Кто же я? Язычник? Неоязычник? С точки зрения церковных иерархов – еретик, безбожник, великий грешник? Да уж как хотите, какой есть, такой есть, и не надо меня стращать Страшным Судом и казнями вавилонскими и египетскими. У вас, как говорится, своя компания, у меня – своя…

…Пока я так размышлял, отец Михаил читал то нараспев, то переходя на скороговорение, не знаю уж, псалмы или молитвы, затем четко, внятно обратился к стоящим перед ним прихожанам, как бы ко всем сразу и в то же время как бы к каждому по отдельности:

– Се, чадо, Христос невидимо стоит, принимая исповедь твою. Не стыдись, не бойся и не скрывай что-либо от меня, но не смущаясь говори о всем, что согрешил, и примешь оставление грехов от Господа нашего Иисуса Христа. Вот Его икона перед нами; я же только свидетель твоего покаяния, и все, что скажешь мне, засвидетельствую перед Ним. Если же скроешь что-либо от меня, грех твой усугубится…



Кающиеся по очереди подходили к нему и, вставали у аналоя перед ним на колени, а он, накрывая исповедующемуся голову своей епитрахилью, благосклонно выслушивал, что-то негромко говорил, осенял крестным знамением и, разрешая встать, давал целовать крест. Не очень-то это мне понравилось, но уж коль пообещал, пришел – назвался груздем, полезай в кузов. Подошел и я. Но, право, вдруг словно и в самом деле – бес в ребро. Когда отец Михаил спросил, грешен ли я и в чем, у меня вдруг вместо ответа сорвалось нечто, пожалуй, явно не к месту.

– Ох, грешен, – говорю. – В мыслях своих нечестивых грешен. Думаю вот сам себе, попустит ли Господь Бог такое, чтобы Иуда стал Предстоятелем?

– Что-то я не понимаю вас, – пробормотал мой пастырь.

– Да вот из вполне достоверного источника довелось мне узнать, что Патриарх Алексий II Редигер был кагэбешным сексотом. То бишь секретным осведомителем, стукачом, как про таких в народе говорят. И числился он там под кличкой «Дроздов»… А вдруг и ты из таких? Я тебе исповедуюсь, а ты возьмешь и стукнешь, куда надо. А то ведь при Ягоде и при Берии всех попов сексотами сделали…

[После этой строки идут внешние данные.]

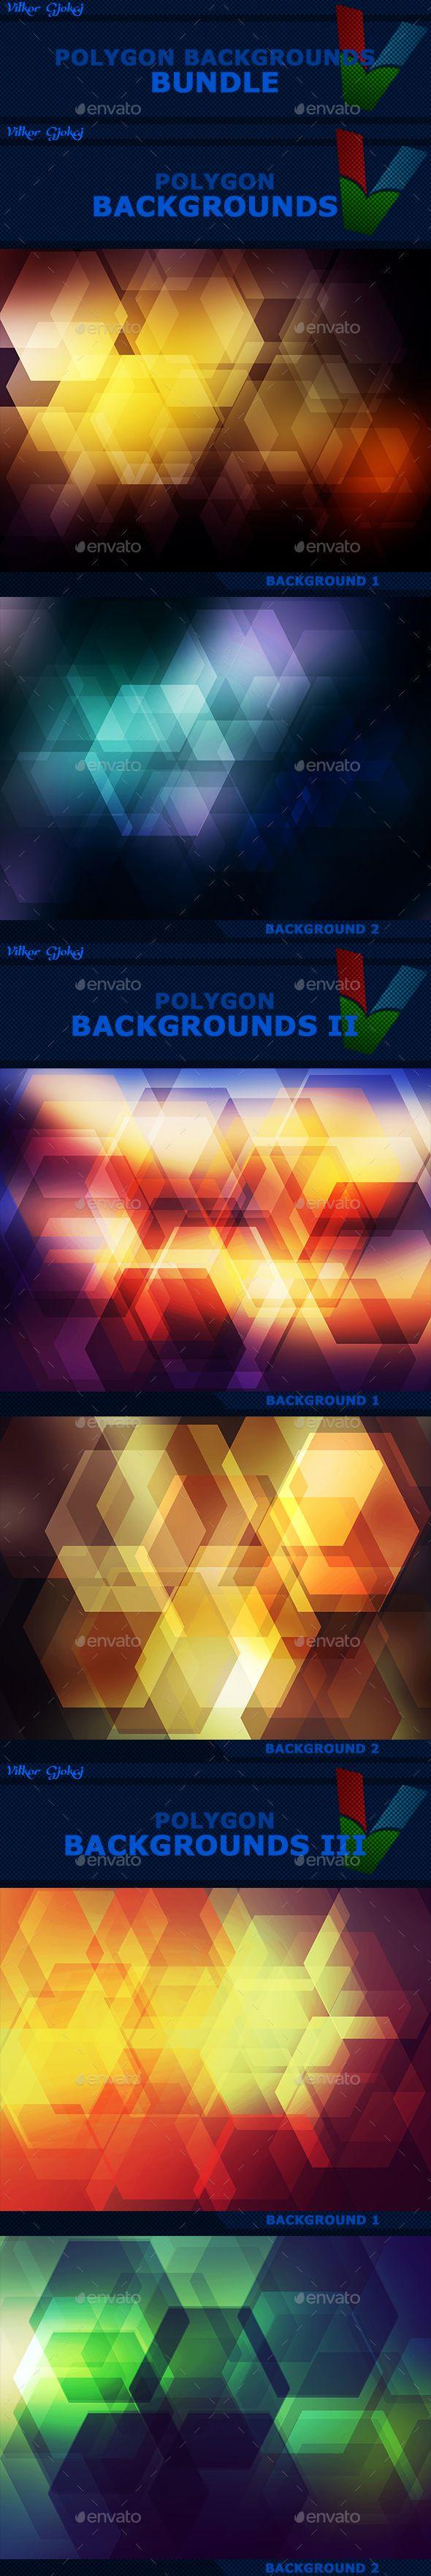 15 Polygon Backgrounds BUNDLE

Епитрахиль словно ветром сдуло с моей головы, я распрямился, без всякого вызова, просто как жаждущий правды-истины глядя в глаза отцу Михаилу, а он испуганно вдруг полушепотом попросил:

– Вы только нигде больше и никому о том не говорите…

Креста целовать он мне не дал. Да меня, в общем-то, к тому и не влекло. Я даже крестным знамением забыл себя осенить, молча выходя из храма под недоуменными взорами знакомых и незнакомых прихожан. На воздух, на воздух, на свежий воздух, под голубой купол моего языческого храма – осиянного Солнцем-Ярилой храма родной Природы.

 

 

С пятого на десятое

 

Господи, Господи, сколько раз говорено-переговорено: близок локоть, да не укусишь, а слово – не воробей, вылетело – не поймаешь, только мне, дураку, все не впрок, потому как дуракам, известное дело, закон не писан. Ляпнул вот, сгородил, сморозил, доставил отцу Михаилу неприятность, а зачем? Разве я изменю что-либо? Или он изменит? Но…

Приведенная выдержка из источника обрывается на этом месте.